Oracle Uniprot RDF data set and benchmarks

Hi Susie,

Thanks for the discussion regarding Oracle's RDF support.

One of the topics of conversation at the recent F2F was the 
desire to use real world data sets, as opposed to the LUBM 
graphs, when performing benchmarks. I know others mentioned 
this also, but I specifically recall my conversations with 
Sean Martin.

In Oracle's recent VLDB paper [1] the authors mention that a 
subset of Uniprot, consisting of 80 million triples, was used 
for benchmarking purposes. I was not able to find a pointer to 
this data though. Is this graph available for download? Since 
the paper also proposes several queries for the Uniprot graph, 
I think it would make sense to expand on this work for future 
benchmarks.

Depending on how the Uniprot subgraph is derived, a lot of 
variability can be introduced into results (e.g. minimizing 
literals, etc.). The Uniprot RDF is also updated as the 
Uniprot database changes, so it is a moving target. We will 
thus want to maintain a local copy of this extract (on the 
wiki?) so changes in the graph don't change the benchmarking 
results.

I think the entire Uniprot graph is probably not practical for 
most - that is, thus far, I have been unsuccessful in loading 
the entire graph of just the main file (~300 mil triples).
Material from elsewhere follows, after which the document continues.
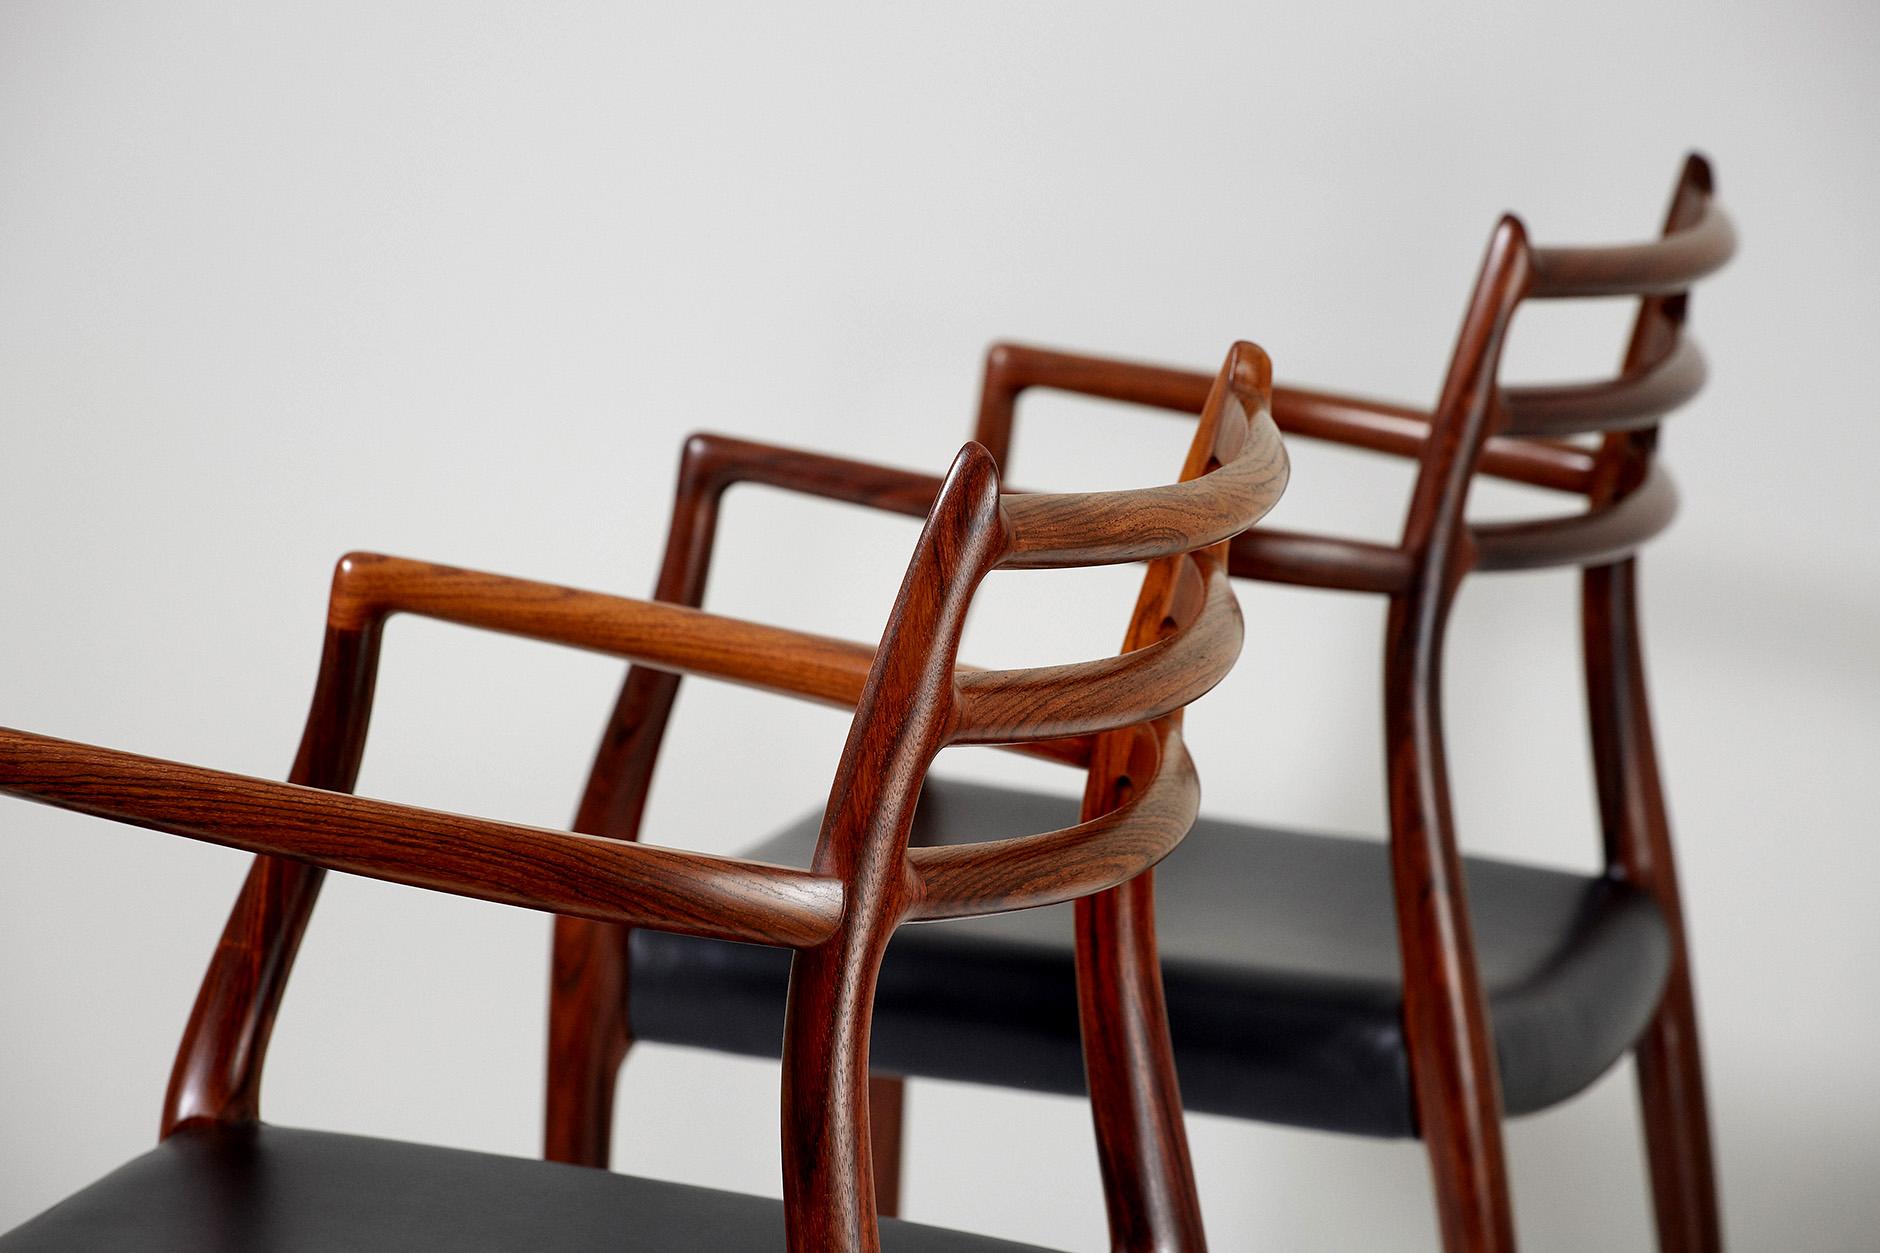 Scandinavian Modern Pair of Rosewood Model 62 Armchairs by Niels Moller, 1962 For Sale

I am currently using my own extract of the Uniprot data, ~125 
million triples, to benchmark several triplestores in main 
memory - but I would rather share one common extract for 
benchmarking purposes in our community. Since your group has 
already published on the capabilities of the 10g product, this 
seemed a logical starting point.

Curious what others think.

Thanks,
Ian

[1]http://www.oracle.com/technology/tech/semantic_technologies/pdf/vldb_2005.pdf

Received on Wednesday, 8 February 2006 10:24:51 UTC